Otmar Suitner (/de/; 16 May 1922 – 8 January 2010) was an Austrian conductor who spent most of his professional career in East Germany. He was born in Innsbruck and died in Berlin. He was principal conductor of the Staatskapelle Dresden from 1960 to 1964, and then music director at the Berlin State Opera in East Berlin from 1964 to 1990. He was concurrently chief conductor of the Staatskapelle Berlin from 1964 to 1991. (It has been common practice that the same conductor is responsible for leading both institutions.)

A fairly prolific recording artist, he was particularly notable in Austro-German music, having conducted discs of works by Max Reger and Paul Hindemith as well as the first Beethoven symphony cycle to be released on compact disc. He taught at the Mozarteum for twenty years. From 1977 to 1990 Suitner was professor of conducting at the University of Music and Performing Arts Vienna. Among his prize students was American conductor Donald Covert, who received the "Swarovsky Conducting Diploma" in 1984.

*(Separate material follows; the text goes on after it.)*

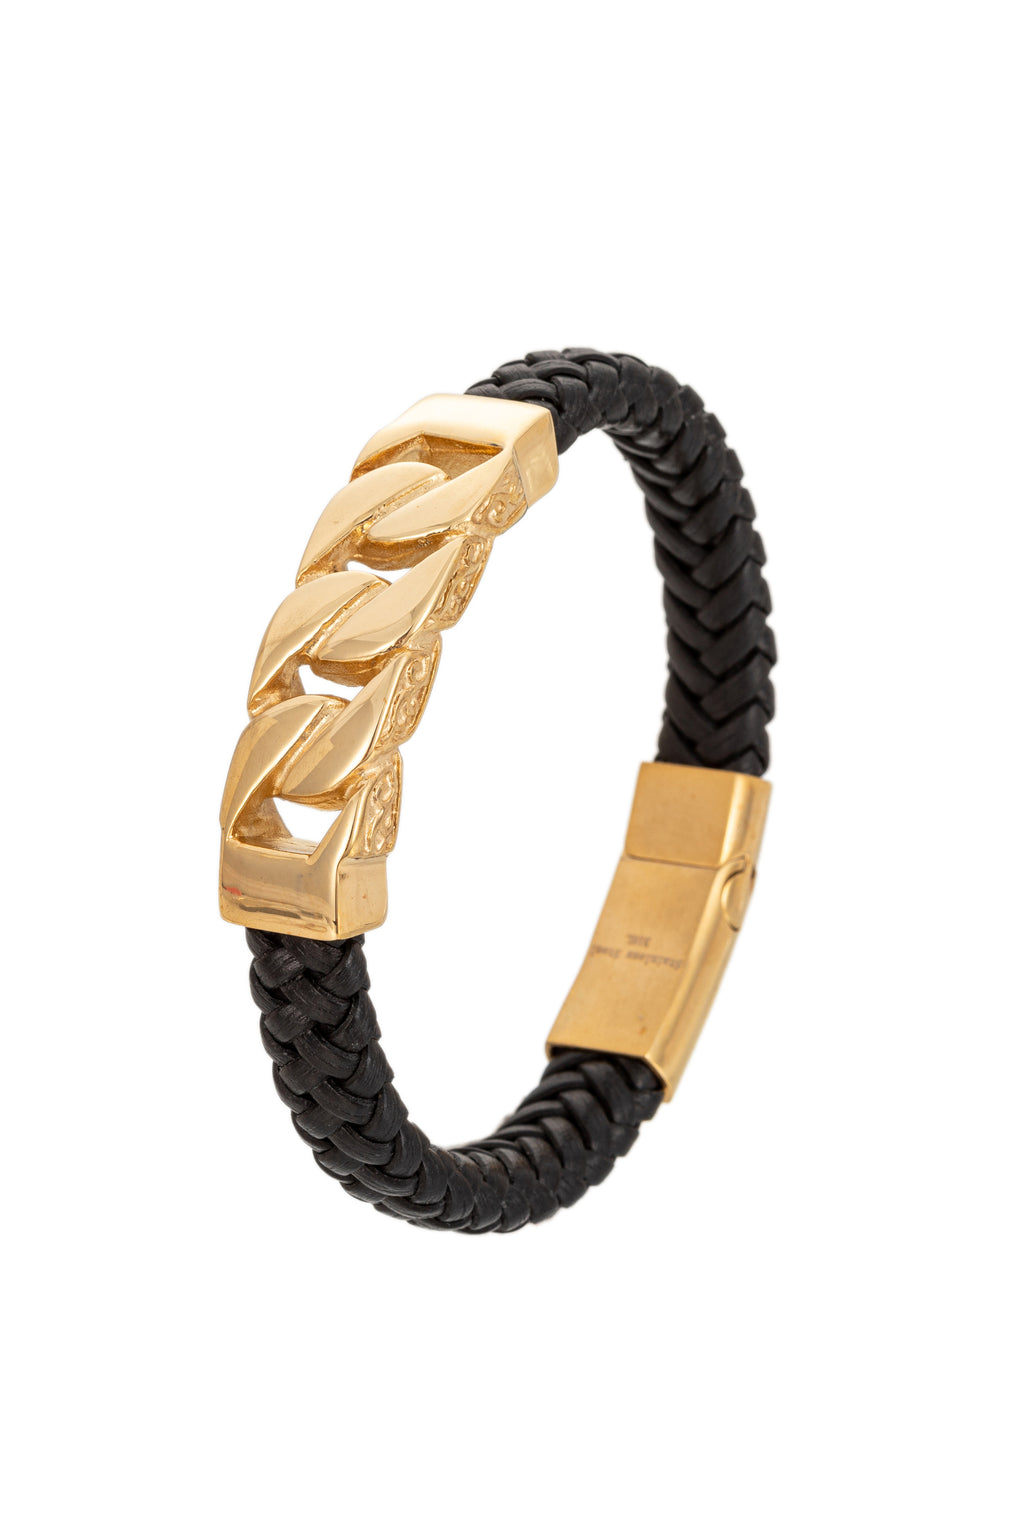 Gold Cuban link titanium bracelet with authentic leather.

He was awarded the National Prize of the German Democratic Republic, 2nd Class for art and literature, in 1963.

In East Berlin, Suitner was married to Marita Wilckens (1924–2008), daughter of the composer Friedrich Wilckens. In 1965 he became acquainted with the West German student Renate Heitzmann and had a son, Igor, with her in 1975 in West Berlin. Igor produced a documentary in 2007 about his father, A Father's Music.